変形労働時間制の趣旨
労基法の労働時間管理の例外
労働基準法は、法定労働時間を1日8時間、1週間40時間とし、事業主が、法定労働時間を超えて労働者を働かせる場合は、労使協定の締結および法定労働時間の超過分に対する割増賃金の支払いを義務付けているが、これらの例外的取り扱いを認めるのが変形労働時間制である。
変形労働時間制の導入メリット
時期によって業務の繁閑が生じる事業では、閑散期は従業員の手待ち時間が発生し、繁忙期は残業代が嵩んで経営効率が悪いが、変形労働時間制によって閑散期の所定労働時間を短縮する代わりに、繁忙期は法定労働時間を超えて(法定内とみなして)労働者を就業させられる。
4つの変形労働時間制
1年単位の変形労働時間制
1ヶ月超〜1年以内の任意の期間において、週の平均労働時間が法定労働時間内に収まっているのであれば、特定の日もしくは特定の週に、法定労働時間を超えて、労働者を就業させられる制度で、季節によって業務に繁閑が生じる業種や業態に適している。

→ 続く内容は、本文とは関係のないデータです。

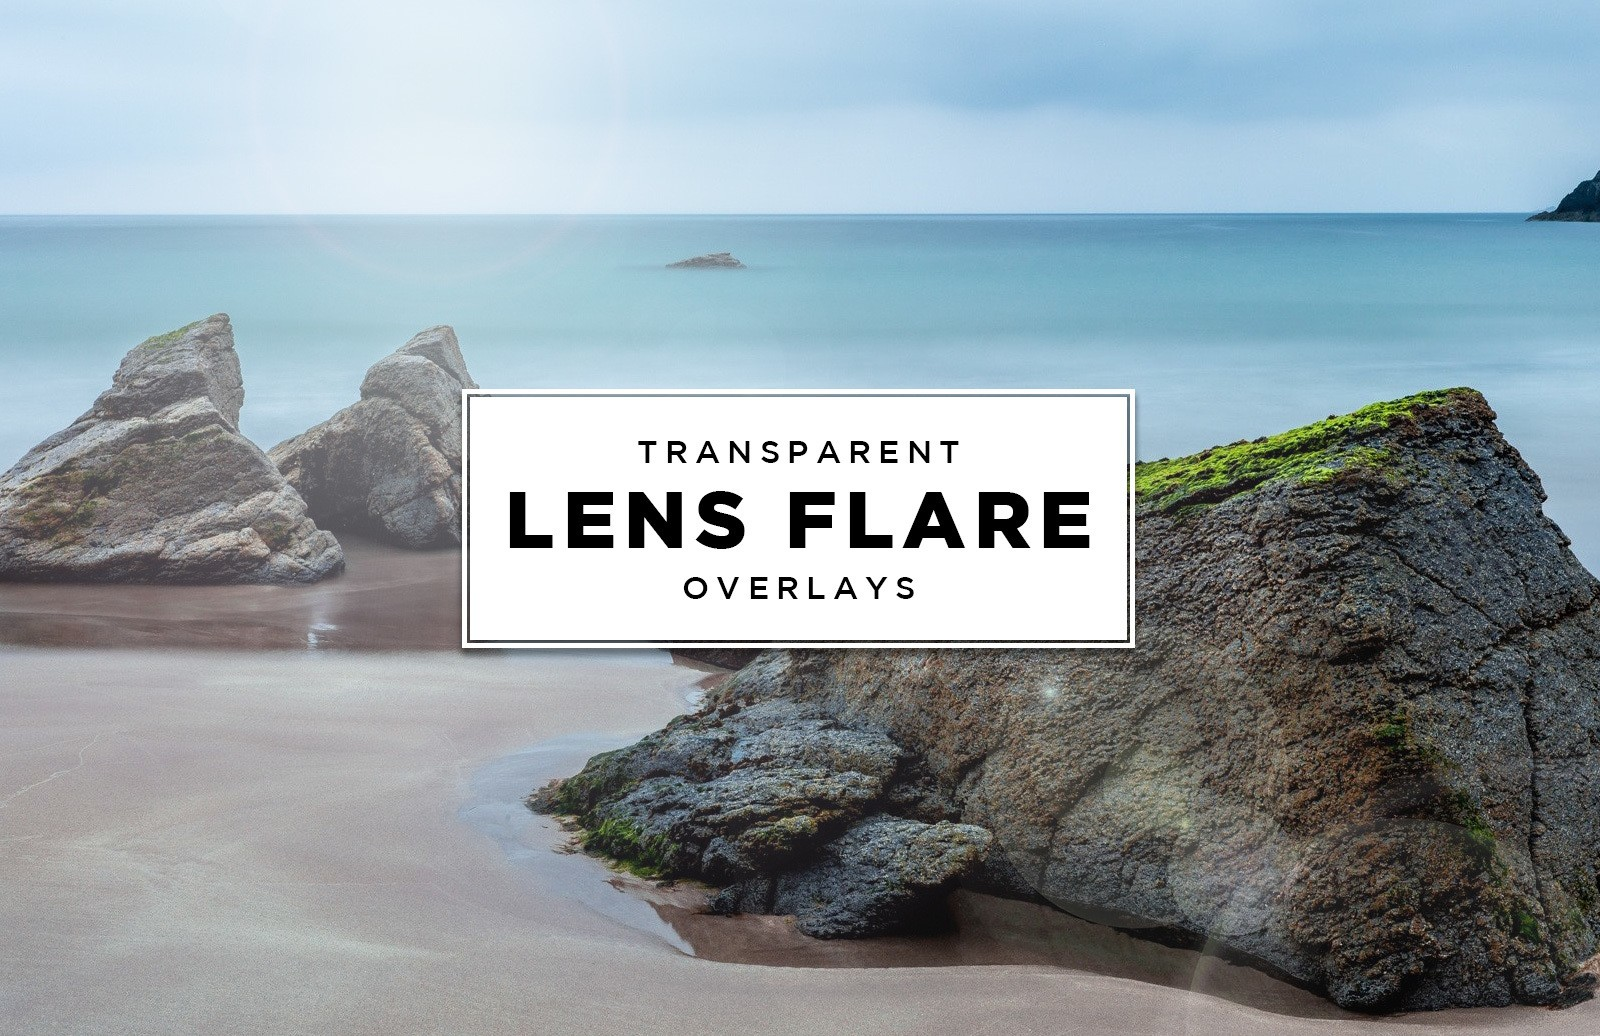 Transparent Lens Flare Overlays

導入にあたっては、労使協定を締結して所轄の労働基準監督署に届出し、変形労働時間制を実施中であっても、労働時間の上限は1日10時間以内、1週間52週間以内とすること、3ヶ月以上の期間で実施する場合には、年間労働日数を280日以内とするなどのルールがある。
1ヶ月単位の変形労働時間制
1ヶ月の中で、週の平均労働時間が法定労働時間内に収まっているのであれば、繁忙期(日)に法定労働時間を超えて、労働者を就業させられる制度。たとえば給料日や月末など、月の特定時期に業務が繁忙となるビジネスに適している。
導入する場合は、就業規則に規定するか、労使協定を締結して所轄の労働基準監督署に届出するかのいずれかの方法で行う。なお、1年単位の変形労働時間制のように、1日もしくは1週間の労働時間の上限などは設けられていない。
1週間単位の変形労働時間制
1週間の労働時間が法定労働時間内に収まっているのであれば、特定の日に10時間まで労働者を就業させられる制度。週のうち特定の曜日に業務の繁閑が生じる業種や業態に適した制度だが、実施できるのは従業員30人未満の小売業、旅館業、料理店、飲食店に限られる。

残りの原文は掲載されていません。